[Saved data entries]
--------------------------------
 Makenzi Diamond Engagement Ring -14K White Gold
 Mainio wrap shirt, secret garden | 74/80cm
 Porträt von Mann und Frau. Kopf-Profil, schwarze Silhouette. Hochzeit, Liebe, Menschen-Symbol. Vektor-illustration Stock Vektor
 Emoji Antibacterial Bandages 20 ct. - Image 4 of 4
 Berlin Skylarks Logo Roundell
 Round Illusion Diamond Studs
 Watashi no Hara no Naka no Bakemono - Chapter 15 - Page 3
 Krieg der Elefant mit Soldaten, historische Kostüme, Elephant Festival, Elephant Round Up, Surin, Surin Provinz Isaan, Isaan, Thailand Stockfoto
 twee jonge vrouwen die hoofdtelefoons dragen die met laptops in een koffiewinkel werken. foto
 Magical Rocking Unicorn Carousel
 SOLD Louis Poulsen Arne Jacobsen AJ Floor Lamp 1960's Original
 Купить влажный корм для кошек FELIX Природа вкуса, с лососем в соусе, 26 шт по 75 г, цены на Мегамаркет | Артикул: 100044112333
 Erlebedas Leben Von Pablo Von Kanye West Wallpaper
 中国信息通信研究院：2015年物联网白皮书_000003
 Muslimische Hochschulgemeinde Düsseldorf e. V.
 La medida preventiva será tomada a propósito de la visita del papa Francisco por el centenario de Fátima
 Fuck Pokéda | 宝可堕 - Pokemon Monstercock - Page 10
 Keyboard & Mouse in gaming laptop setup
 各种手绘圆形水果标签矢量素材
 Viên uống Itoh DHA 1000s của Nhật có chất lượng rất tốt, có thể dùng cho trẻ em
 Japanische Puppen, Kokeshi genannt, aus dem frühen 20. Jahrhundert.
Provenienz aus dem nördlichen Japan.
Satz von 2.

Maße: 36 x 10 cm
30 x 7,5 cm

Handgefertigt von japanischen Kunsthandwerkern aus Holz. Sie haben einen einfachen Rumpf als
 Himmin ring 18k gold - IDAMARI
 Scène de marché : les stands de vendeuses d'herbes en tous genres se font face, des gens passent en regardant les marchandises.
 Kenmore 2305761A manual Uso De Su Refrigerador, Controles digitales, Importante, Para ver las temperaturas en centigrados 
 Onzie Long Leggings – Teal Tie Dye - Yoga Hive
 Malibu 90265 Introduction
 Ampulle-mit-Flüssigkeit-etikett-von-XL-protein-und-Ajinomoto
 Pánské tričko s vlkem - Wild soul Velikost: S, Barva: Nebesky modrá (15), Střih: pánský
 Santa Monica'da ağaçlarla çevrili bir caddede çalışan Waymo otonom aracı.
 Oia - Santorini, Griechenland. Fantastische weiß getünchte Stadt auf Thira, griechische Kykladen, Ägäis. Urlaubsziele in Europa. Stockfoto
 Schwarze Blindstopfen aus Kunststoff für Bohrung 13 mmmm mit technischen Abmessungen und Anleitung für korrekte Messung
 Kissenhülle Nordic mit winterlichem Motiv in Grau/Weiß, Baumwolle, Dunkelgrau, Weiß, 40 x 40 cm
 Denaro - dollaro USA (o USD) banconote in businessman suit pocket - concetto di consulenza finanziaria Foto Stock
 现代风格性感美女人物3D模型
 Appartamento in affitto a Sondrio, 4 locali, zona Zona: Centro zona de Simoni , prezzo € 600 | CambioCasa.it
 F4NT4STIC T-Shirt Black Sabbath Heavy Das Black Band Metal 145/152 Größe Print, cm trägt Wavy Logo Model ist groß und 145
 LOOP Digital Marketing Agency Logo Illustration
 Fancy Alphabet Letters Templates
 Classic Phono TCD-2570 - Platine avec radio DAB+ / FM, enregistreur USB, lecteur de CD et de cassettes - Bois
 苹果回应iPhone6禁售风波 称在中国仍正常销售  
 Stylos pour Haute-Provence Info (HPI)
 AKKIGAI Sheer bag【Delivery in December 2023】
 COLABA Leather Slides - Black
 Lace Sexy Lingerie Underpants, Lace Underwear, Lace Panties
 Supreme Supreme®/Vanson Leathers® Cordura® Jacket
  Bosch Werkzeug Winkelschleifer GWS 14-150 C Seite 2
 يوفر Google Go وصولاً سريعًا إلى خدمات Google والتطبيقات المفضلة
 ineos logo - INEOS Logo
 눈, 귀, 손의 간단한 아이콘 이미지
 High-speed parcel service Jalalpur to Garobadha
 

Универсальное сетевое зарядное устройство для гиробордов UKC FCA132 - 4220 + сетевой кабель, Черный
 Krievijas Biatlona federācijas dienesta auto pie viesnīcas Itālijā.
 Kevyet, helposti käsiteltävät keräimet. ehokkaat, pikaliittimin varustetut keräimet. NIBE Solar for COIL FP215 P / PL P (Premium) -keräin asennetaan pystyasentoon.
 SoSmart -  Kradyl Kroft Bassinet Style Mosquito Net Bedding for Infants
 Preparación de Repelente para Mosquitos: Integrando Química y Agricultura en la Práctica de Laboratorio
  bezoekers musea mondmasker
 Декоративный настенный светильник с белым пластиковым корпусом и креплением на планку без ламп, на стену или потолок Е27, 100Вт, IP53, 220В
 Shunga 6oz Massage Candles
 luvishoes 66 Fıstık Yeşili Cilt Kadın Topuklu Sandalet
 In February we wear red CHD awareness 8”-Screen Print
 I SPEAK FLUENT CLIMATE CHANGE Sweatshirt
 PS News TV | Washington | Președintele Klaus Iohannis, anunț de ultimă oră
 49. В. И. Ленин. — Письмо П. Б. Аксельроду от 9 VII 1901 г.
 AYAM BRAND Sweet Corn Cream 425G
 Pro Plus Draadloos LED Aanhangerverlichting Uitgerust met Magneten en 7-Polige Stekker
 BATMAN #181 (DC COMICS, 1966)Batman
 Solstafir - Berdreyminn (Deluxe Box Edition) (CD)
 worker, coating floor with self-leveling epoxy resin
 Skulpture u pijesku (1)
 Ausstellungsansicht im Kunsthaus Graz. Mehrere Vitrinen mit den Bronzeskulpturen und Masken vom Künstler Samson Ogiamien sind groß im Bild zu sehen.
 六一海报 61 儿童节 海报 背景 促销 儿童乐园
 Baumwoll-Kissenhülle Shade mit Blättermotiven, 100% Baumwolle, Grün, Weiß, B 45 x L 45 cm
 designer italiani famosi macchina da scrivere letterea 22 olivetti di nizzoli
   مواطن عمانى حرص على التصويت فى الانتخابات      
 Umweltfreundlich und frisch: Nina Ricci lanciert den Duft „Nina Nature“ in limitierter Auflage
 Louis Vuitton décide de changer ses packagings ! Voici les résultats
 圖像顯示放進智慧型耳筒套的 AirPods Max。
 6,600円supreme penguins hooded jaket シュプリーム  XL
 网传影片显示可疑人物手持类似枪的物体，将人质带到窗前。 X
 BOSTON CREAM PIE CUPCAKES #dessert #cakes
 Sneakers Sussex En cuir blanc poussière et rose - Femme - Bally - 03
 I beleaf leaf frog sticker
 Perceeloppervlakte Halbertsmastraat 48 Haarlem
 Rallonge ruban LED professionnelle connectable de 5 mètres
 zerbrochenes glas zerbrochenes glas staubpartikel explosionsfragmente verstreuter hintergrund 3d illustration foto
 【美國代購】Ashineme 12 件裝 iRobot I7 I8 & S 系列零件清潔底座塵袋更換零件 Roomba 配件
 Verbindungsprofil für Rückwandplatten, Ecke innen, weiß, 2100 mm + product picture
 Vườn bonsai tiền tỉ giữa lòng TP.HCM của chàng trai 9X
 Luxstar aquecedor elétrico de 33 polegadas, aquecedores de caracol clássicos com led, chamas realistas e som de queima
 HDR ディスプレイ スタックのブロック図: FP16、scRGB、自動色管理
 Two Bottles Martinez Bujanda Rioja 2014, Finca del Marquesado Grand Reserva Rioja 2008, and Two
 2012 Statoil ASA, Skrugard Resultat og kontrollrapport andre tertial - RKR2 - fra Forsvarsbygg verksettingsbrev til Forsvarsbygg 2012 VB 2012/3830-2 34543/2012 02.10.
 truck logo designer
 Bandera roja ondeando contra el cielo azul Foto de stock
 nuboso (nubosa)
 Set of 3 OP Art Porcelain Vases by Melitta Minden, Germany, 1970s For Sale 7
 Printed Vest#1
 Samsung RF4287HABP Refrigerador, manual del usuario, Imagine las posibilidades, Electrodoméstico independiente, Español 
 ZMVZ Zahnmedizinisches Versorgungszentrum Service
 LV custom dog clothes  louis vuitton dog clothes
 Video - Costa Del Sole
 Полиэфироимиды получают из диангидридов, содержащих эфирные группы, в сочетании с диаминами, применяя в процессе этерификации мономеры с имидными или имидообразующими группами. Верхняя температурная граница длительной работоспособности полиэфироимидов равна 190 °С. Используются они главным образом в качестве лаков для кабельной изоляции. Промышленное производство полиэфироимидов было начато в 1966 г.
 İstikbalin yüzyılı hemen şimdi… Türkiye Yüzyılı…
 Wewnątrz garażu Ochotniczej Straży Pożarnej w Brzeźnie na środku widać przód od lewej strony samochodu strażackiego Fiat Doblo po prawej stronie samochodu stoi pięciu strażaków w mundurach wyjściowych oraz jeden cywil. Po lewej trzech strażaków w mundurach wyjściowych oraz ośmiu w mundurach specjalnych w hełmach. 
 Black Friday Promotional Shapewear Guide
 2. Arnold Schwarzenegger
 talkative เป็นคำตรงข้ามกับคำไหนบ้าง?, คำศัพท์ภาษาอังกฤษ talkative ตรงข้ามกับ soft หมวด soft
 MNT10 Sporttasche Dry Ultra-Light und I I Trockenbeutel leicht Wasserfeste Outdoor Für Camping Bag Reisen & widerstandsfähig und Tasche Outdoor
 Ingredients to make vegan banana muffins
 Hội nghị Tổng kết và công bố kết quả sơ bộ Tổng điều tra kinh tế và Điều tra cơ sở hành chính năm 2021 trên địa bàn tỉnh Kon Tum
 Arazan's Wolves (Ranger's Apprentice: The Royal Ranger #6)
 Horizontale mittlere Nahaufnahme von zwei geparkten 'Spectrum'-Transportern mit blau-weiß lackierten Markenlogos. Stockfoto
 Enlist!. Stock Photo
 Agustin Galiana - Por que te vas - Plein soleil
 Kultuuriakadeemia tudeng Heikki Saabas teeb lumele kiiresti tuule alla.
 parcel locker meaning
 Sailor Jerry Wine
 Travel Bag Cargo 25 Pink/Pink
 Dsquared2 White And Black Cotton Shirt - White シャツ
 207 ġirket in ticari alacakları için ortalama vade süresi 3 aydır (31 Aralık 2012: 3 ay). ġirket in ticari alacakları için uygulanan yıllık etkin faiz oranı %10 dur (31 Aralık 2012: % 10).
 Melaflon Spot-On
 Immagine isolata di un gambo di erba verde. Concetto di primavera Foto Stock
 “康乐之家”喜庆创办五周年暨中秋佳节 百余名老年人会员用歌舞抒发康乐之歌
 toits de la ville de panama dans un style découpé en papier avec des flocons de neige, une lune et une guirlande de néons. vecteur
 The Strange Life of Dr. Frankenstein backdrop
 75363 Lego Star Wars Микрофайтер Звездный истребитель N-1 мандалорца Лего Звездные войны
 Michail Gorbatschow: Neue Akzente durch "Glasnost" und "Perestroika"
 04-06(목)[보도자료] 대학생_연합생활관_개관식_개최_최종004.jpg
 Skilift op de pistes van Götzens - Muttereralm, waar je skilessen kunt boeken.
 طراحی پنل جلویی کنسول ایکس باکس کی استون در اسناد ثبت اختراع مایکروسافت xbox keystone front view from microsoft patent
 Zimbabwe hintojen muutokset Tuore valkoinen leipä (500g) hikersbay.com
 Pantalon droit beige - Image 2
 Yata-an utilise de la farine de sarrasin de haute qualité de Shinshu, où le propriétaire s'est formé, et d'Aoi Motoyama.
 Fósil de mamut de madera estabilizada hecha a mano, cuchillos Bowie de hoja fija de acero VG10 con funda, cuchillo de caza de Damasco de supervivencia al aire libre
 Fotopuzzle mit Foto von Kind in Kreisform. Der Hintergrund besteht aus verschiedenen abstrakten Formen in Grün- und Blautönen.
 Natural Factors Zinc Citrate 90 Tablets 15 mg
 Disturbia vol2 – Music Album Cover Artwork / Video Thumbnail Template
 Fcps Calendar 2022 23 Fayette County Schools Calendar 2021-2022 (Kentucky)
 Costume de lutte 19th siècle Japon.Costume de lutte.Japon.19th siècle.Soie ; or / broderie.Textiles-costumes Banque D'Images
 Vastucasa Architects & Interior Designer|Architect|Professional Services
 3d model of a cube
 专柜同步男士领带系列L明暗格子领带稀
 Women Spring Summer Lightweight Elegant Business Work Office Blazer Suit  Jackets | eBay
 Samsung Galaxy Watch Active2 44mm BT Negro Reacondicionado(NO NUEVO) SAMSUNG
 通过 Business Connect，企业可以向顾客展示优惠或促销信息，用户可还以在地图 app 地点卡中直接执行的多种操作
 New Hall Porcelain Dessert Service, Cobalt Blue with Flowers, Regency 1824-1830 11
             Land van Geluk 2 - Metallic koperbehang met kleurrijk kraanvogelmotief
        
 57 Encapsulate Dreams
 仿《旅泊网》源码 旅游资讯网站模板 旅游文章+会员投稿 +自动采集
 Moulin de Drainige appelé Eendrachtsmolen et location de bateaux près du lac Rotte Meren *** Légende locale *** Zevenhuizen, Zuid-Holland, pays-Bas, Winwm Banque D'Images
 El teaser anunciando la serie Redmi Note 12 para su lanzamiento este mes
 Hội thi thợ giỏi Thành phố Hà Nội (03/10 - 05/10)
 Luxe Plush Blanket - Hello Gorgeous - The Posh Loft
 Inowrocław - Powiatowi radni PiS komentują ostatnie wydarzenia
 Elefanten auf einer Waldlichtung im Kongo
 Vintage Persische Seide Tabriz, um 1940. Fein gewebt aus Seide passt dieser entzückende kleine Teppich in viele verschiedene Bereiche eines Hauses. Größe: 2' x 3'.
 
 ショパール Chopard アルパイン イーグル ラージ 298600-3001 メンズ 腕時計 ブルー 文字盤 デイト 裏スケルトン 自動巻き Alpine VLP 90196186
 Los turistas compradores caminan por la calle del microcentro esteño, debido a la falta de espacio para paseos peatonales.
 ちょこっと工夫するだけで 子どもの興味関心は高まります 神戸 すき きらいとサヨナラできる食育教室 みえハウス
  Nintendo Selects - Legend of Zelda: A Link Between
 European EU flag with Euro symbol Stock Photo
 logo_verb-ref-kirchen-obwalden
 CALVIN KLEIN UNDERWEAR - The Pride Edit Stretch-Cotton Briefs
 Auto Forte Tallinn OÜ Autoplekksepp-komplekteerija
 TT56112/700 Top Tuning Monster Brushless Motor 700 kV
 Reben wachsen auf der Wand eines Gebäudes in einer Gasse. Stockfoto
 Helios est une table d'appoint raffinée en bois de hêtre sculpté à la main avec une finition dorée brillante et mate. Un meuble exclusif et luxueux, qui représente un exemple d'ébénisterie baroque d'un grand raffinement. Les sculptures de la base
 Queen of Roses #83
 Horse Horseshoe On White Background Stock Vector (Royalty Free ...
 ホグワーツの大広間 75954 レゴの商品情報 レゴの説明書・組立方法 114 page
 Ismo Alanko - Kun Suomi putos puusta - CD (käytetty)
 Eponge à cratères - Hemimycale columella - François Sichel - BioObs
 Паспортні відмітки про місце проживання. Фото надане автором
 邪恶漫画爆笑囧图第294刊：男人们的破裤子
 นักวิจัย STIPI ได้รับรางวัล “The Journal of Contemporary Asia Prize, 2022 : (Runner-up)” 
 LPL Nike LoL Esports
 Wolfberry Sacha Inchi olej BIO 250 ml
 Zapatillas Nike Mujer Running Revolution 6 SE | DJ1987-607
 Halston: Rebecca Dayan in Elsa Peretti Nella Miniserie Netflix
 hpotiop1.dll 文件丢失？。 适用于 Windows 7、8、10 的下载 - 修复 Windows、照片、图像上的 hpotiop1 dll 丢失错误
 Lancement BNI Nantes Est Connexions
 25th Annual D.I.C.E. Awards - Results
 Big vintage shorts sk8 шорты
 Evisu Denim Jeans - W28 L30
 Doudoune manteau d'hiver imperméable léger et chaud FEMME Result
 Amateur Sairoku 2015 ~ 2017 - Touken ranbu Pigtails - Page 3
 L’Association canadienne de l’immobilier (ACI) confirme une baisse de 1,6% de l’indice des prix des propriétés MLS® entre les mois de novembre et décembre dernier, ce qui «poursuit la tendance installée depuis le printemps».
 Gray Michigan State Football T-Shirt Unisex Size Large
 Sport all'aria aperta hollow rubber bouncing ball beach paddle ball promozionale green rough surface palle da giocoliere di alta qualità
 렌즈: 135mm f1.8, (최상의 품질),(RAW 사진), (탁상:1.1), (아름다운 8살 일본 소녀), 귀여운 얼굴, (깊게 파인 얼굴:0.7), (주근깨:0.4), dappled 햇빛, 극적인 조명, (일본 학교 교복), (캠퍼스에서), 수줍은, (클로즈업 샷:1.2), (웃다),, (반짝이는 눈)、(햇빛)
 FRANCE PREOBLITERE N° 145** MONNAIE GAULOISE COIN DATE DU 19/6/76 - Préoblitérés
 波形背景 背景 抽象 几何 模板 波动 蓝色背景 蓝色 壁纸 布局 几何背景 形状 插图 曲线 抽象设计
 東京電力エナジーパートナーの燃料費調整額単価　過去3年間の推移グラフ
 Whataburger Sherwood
--------------------------------
## WHAT IS NEEDED
Above are the entries. Copy exactly the part that opens with the line containing "3d model of a cube" and closes with the line containing "57 Encapsulate Dreams", and no more.

## ANSWER TO THE EXERCISE
 3d model of a cube
 专柜同步男士领带系列L明暗格子领带稀
 Women Spring Summer Lightweight Elegant Business Work Office Blazer Suit  Jackets | eBay
 Samsung Galaxy Watch Active2 44mm BT Negro Reacondicionado(NO NUEVO) SAMSUNG
 通过 Business Connect，企业可以向顾客展示优惠或促销信息，用户可还以在地图 app 地点卡中直接执行的多种操作
 New Hall Porcelain Dessert Service, Cobalt Blue with Flowers, Regency 1824-1830 11
             Land van Geluk 2 - Metallic koperbehang met kleurrijk kraanvogelmotief
        
 57 Encapsulate Dreams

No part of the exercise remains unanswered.